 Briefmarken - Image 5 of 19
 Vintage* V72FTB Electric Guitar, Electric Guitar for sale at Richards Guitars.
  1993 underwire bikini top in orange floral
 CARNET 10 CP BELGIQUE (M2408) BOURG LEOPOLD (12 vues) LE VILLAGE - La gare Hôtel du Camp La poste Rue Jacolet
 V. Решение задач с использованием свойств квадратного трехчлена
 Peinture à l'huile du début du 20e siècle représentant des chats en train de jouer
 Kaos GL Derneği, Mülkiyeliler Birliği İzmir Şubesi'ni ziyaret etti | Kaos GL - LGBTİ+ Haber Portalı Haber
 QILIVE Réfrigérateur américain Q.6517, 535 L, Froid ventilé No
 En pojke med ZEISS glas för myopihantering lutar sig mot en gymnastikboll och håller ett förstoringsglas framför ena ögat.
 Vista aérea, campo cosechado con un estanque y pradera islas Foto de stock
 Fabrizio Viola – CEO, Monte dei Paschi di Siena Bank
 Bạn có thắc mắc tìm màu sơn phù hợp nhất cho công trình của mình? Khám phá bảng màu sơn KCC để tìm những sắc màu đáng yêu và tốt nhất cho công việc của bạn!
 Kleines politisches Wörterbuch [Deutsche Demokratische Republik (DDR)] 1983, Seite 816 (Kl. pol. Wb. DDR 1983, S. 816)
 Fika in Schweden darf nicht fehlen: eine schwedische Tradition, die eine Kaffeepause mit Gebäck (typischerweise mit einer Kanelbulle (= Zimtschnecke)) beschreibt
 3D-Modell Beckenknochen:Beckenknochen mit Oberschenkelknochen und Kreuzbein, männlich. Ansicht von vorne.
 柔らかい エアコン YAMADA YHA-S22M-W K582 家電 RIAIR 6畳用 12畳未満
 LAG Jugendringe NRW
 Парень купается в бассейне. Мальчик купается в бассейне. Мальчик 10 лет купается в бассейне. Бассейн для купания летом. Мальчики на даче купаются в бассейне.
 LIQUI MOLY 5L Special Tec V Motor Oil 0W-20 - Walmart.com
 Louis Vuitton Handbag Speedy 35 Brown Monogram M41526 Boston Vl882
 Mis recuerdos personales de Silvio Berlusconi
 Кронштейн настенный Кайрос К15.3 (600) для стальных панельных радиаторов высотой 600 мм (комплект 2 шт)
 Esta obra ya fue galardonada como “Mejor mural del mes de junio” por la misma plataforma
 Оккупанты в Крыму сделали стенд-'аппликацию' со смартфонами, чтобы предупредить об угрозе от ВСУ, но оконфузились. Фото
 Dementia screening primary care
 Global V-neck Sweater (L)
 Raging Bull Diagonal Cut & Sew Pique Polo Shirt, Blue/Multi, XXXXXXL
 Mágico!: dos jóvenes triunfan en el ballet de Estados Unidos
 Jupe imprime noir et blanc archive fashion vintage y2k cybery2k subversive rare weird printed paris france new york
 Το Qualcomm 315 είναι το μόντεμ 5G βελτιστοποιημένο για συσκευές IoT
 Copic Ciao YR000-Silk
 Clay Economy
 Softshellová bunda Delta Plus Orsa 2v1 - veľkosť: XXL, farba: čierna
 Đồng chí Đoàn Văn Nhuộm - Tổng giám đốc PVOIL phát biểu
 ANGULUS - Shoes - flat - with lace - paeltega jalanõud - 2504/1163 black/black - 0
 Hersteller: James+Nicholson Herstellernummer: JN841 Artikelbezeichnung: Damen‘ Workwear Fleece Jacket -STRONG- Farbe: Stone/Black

━━━━━━━━━━━━━━━━━━━━

■ **Exercise directions**: Using only the listing above, restate exactly the lines from the line containing "LIQUI MOLY 5L" through the line containing "Softshellová bunda Delta", both included.

■ **Response**:
 LIQUI MOLY 5L Special Tec V Motor Oil 0W-20 - Walmart.com
 Louis Vuitton Handbag Speedy 35 Brown Monogram M41526 Boston Vl882
 Mis recuerdos personales de Silvio Berlusconi
 Кронштейн настенный Кайрос К15.3 (600) для стальных панельных радиаторов высотой 600 мм (комплект 2 шт)
 Esta obra ya fue galardonada como “Mejor mural del mes de junio” por la misma plataforma
 Оккупанты в Крыму сделали стенд-'аппликацию' со смартфонами, чтобы предупредить об угрозе от ВСУ, но оконфузились. Фото
 Dementia screening primary care
 Global V-neck Sweater (L)
 Raging Bull Diagonal Cut & Sew Pique Polo Shirt, Blue/Multi, XXXXXXL
 Mágico!: dos jóvenes triunfan en el ballet de Estados Unidos
 Jupe imprime noir et blanc archive fashion vintage y2k cybery2k subversive rare weird printed paris france new york
 Το Qualcomm 315 είναι το μόντεμ 5G βελτιστοποιημένο για συσκευές IoT
 Copic Ciao YR000-Silk
 Clay Economy
 Softshellová bunda Delta Plus Orsa 2v1 - veľkosť: XXL, farba: čierna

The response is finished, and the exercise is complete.